Court of Appeals of Ohio, Second District, Champaign County
Jan 7, 2005
2005 Ohio 46 (Ohio Ct. App. 2005)

Opinion

No. 2004 CA 19.

January 7, 2005.

Criminal Appeal from Common Pleas Court, T.C. No. 2004 CR 105.

Jack W. Whitesell, Jr., Atty Reg. No. 0041944 and Lori Reisinger, Atty. Reg. No. 0072292, 200 N. Main Street, Urbana, Ohio 43078, Attorneys for Plaintiff-Appellant.

Cathy J. Weithman, Atty. Reg. No. 0020889, 201 West Court Street, Urbana, Ohio 43078, Attorney for Defendant-Appellee.


OPINION


{¶ 1} The state appeals from an order of the Champaign County Court of Common Pleas, which sustained the motion of Kenneth D. Baker to suppress evidence.

{¶ 2} The record reveals the following facts.
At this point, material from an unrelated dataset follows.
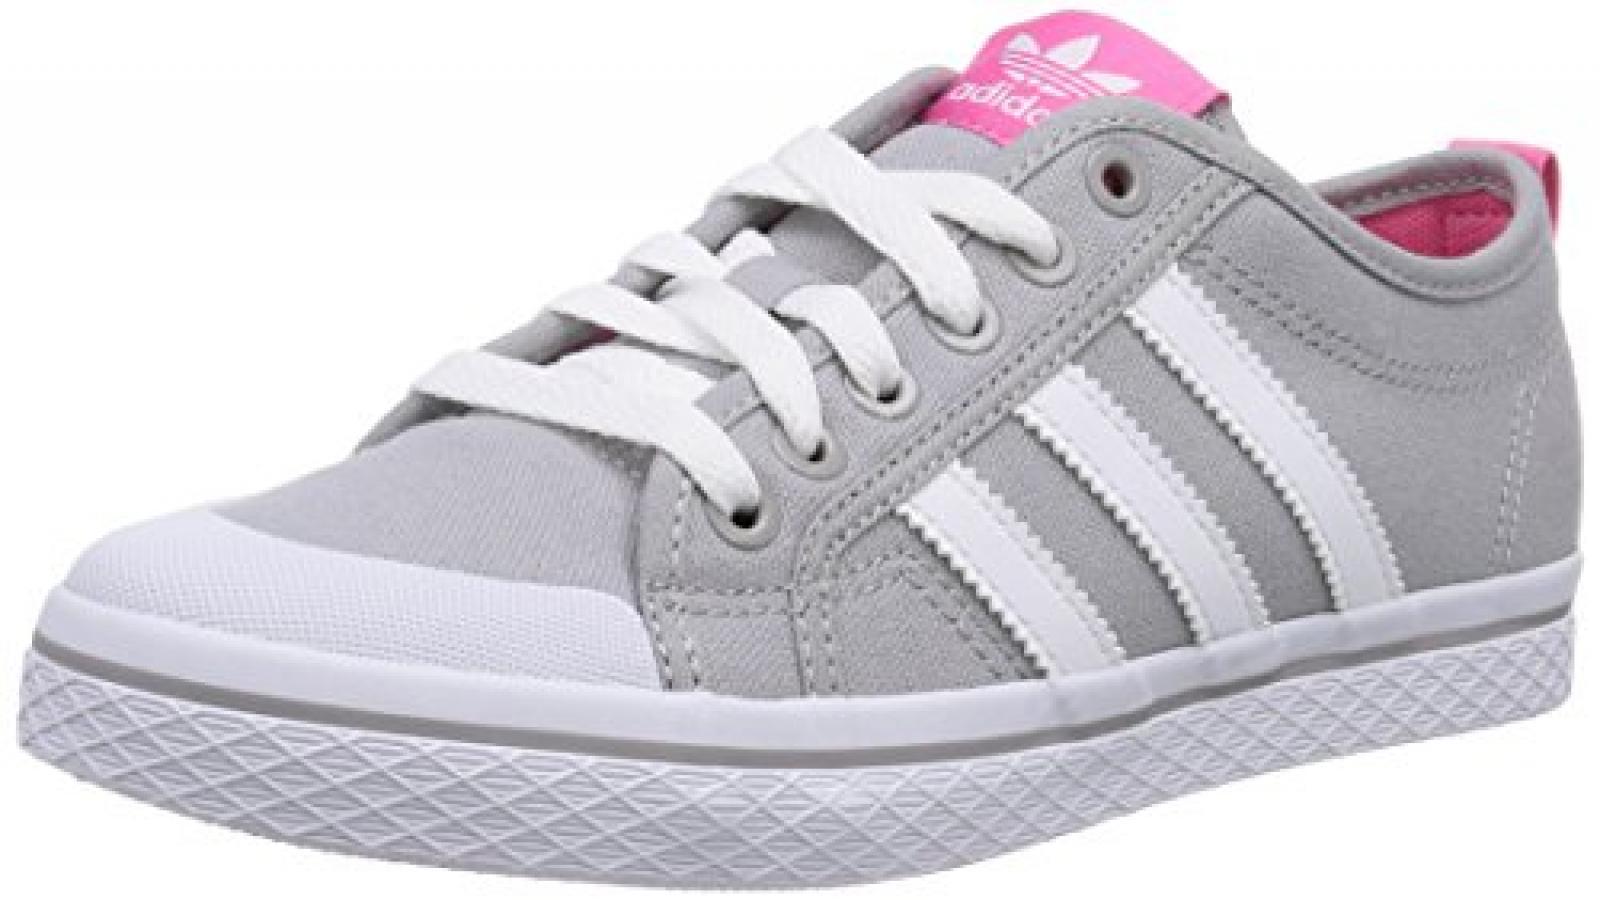 adidas Originals Honey Low Damen Sneakers

{¶ 3} On April 4, 2004, Stacy Harper, a social worker for Children's Services in Champaign County, and Officer Todd Pratt of the Urbana Police Department went to Baker's apartment to interview him regarding allegations that he had engaged in improper sexual conduct with his grandson. Pratt was not in uniform, although he was wearing his badge and his gun; he also had a Sony digital voice recorder with him. After turning on the recorder, Harper and Pratt knocked on the door. Baker told them to "go ahead and come in." Harper and Pratt entered and saw Baker eating a steak meal at his kitchen table. Harper introduced herself and Pratt to Baker. Baker responded by saying: "I called a lawyer. He wants — the lawyer wants to be here before I say anything." Pratt asked for the attorney's name but Baker could not immediately remember the name of the attorney with whom he had spoken. Pratt tried to assist him with recalling the name, and Baker was able to look it up for Pratt. Baker told Pratt that the attorney's name was George Pappas, and he gave Pratt the telephone number.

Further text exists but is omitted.